▼

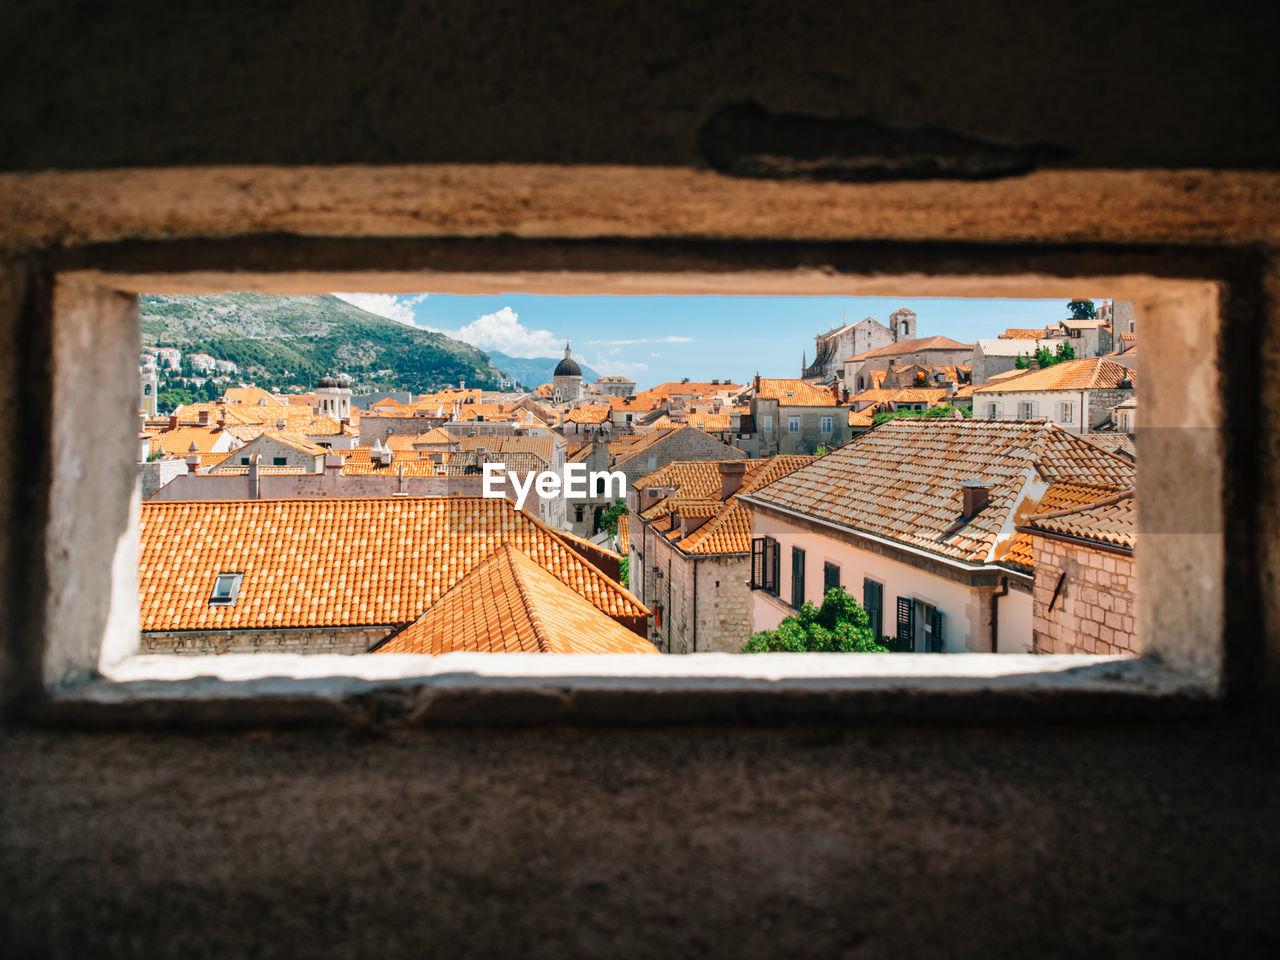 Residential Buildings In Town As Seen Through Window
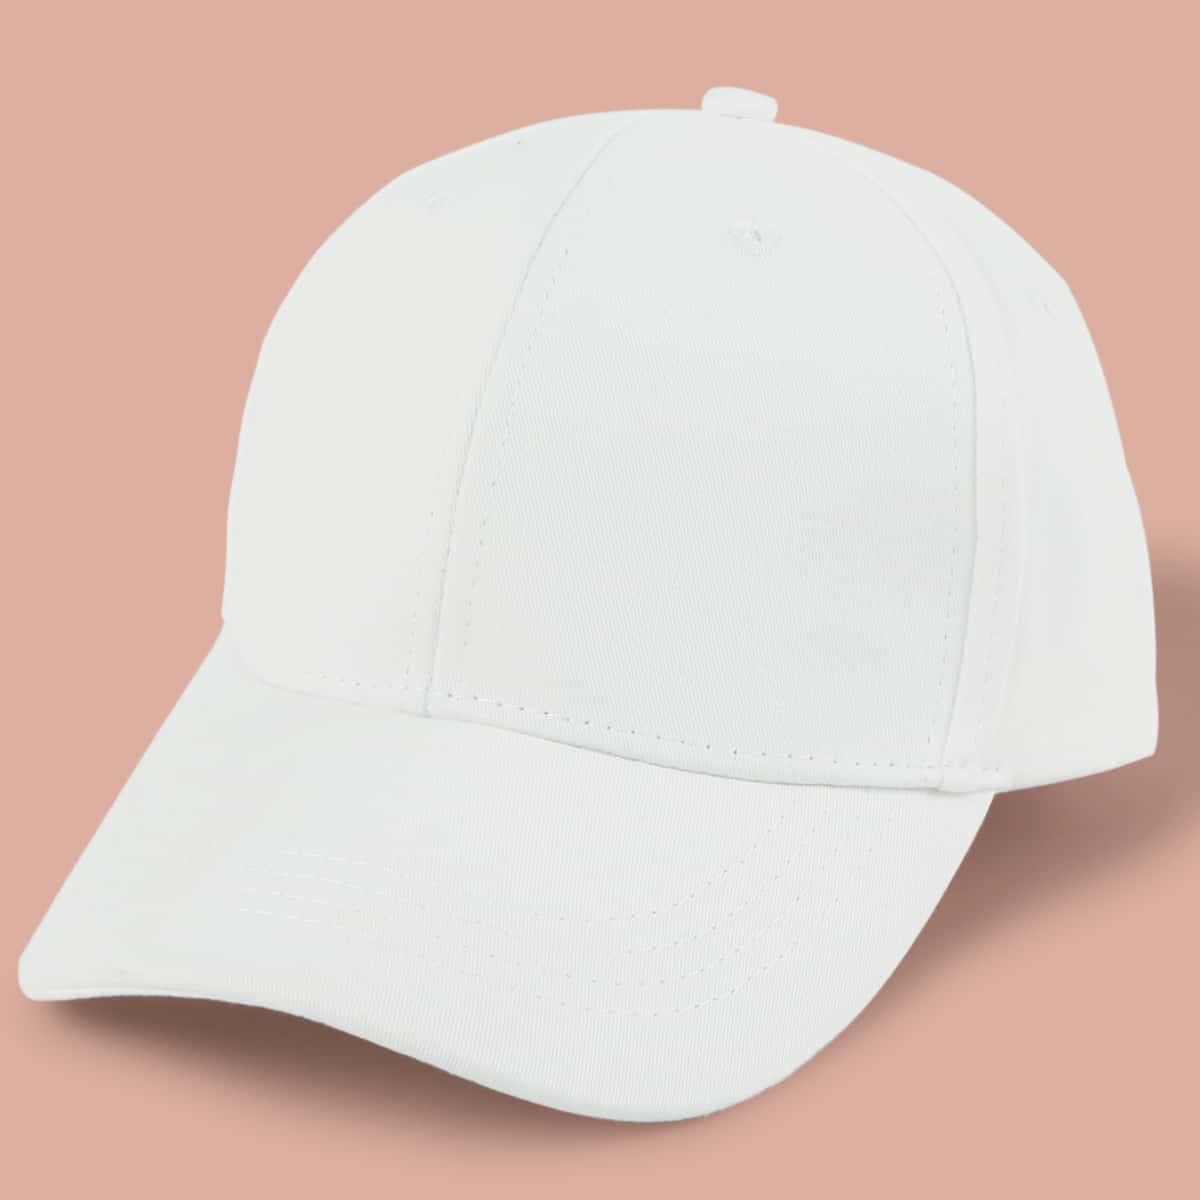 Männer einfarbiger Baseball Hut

▲
▼

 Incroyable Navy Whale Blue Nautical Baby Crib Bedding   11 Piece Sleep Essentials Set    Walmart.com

▲

# WHAT NEEDS TO BE DONE
Without the pictures, give again exactly the lines above starting at the line containing "Residential Buildings In" and ending at the line containing "Männer einfarbiger Baseball Hut".

# WRITTEN ANSWER
 Residential Buildings In Town As Seen Through Window
 Männer einfarbiger Baseball Hut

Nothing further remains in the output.